4. **📅 Monthly & Cumulative Reports**:
   - Generated monthly reports showing **cases received**, **non-workable data**, and **conversion rates**.
   - Used **Pivot Tables** to display **Appointment TAT** and **QC TAT** by month and added cumulative sums to track trends.

5. **📈 Conversion Calculations**:
   - Calculated **conversion rates** for **workable data**, showing how many cases were successfully processed compared to the total workable cases.

6. **📑 Final Report Generation**:
   - Consolidated all the results into an **Excel report**, containing multiple sheets for each data point (Raw Data, Cleaned Data, Converted Data, Pending Data, Non-Workable Data, etc.).

### 🛠️ **Technologies Used:**
- **Python**: Data manipulation using **Pandas** and **NumPy**.
- **Libraries**: Pandas, NumPy, datetime, openpyxl (for Excel report generation).

### 📤 **Final Output**:
An automated, structured Excel report summarizing key metrics, which includes:
- **Raw Data**
- **Cleaned Data**
- **Converted Data**
- **Pending Data**
- **Non-Workable Data**
- **Appointment TAT Report**
- **Overall Conversion Report**

This automated process streamlines data analysis and reporting, providing actionable insights at a glance. 

### 💻 **Code Implementation**:

In [19]:
import pandas as pd
import datetime as dt
import numpy as np
from datetime import datetime
from pprint import pprint

# Import Raw Data
Raw_Data=pd.read_csv("mis.csv", low_memory=False)

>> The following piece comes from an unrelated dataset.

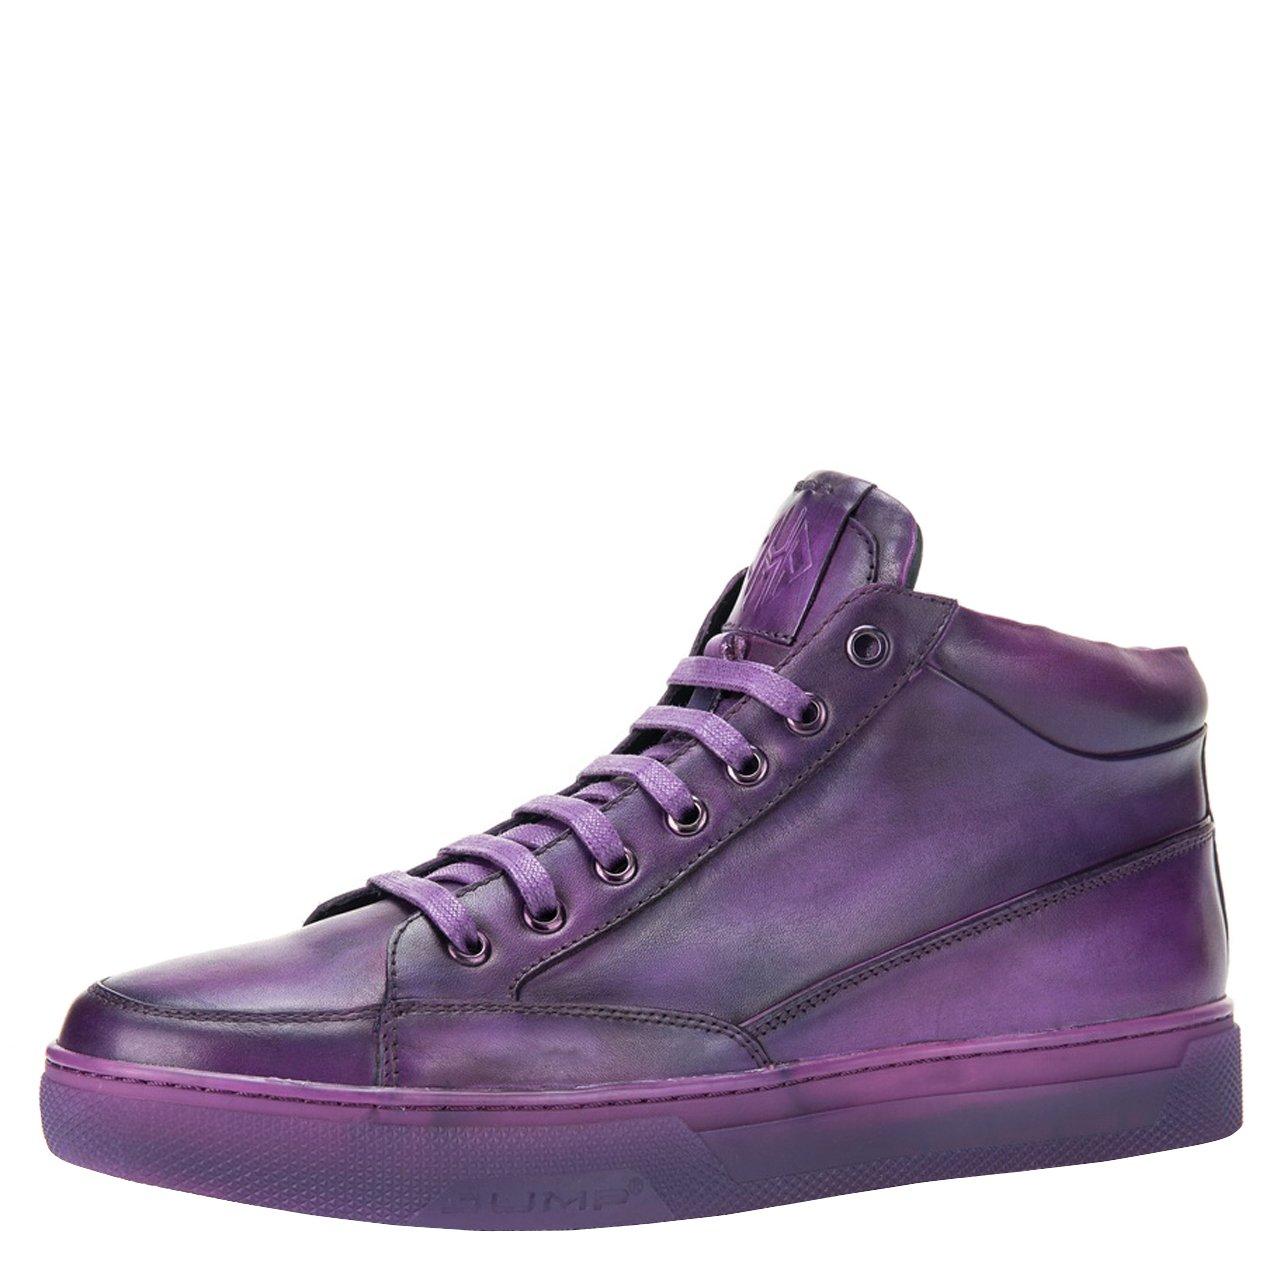 JUMP NEWYORK Men's Strickland Mid-Top Fashion Sneaker Purple 11 D US

# It is for the Insurer reference
col = ["CorporateName","RequestDate","PatientName","ApplicationId","OrderID","BookingId","PolicyNo","Age","Gender","RelationShip","EmailId",
       "ContactNo","PackageName","packageInvestigations","ApptCreatedDate","AppointmentDate","ApptTime","SecondPreferredDate",
       "SecondPreferredTime","VisitType","ProviderName","ProviderState","ProviderCity","ProviderLocation",
       "AppointmentStatus","ReportUploaded","reportUrl","QcApprovedDate","QC Approval Month","Photo Available & Type","ClientCity",
       "ClientState","ClientAddress","ClientPincode","AgentName","AgentCode","source","NumberofAttempts","lastCallDateTime","LastCallStatus",
       "ApptCreatedBySelfAllocation","ProductName","planType","loanId","mphName","PackageName","SplitDate","ApprovalType","AM_Name","Escort",
       "PriorityAssigned","DND"]
# It is for the Insurer reference
Raw_Data = Raw_Data[col]

# Relevant Columns to work with
relevant_columns=["RequestDate", "PatientName", "ApplicationId","ReportUploaded", "AppointmentStatus", "LastCallStatus",
                  "AppointmentDate", "QcApprovedDate", "NumberofAttempts", "DND"]

# Remove unnecessary columns and take relevant data in relevant_data
Relevant_Data = Raw_Data[relevant_columns]

# Create group_case_index using .str.startswith("G") and .str.endswith("01")
group_case_index=Relevant_Data[((Relevant_Data["ApplicationId"].str.startswith("G"))&(Relevant_Data["ApplicationId"].str.endswith("01")))
|
((Relevant_Data["ApplicationId"].str.startswith(" G"))&(Relevant_Data["ApplicationId"].str.endswith("01")))].index

# Assign the Group Cases in df Data Frame
df = Relevant_Data.loc[group_case_index]

# Changing the Data Types of Date Columns to Datetime
Date_Columns=["RequestDate", "AppointmentDate", "QcApprovedDate"]
for col in Date_Columns :
    df[col]= pd.to_datetime(df[col], format="%d/%m/%Y") 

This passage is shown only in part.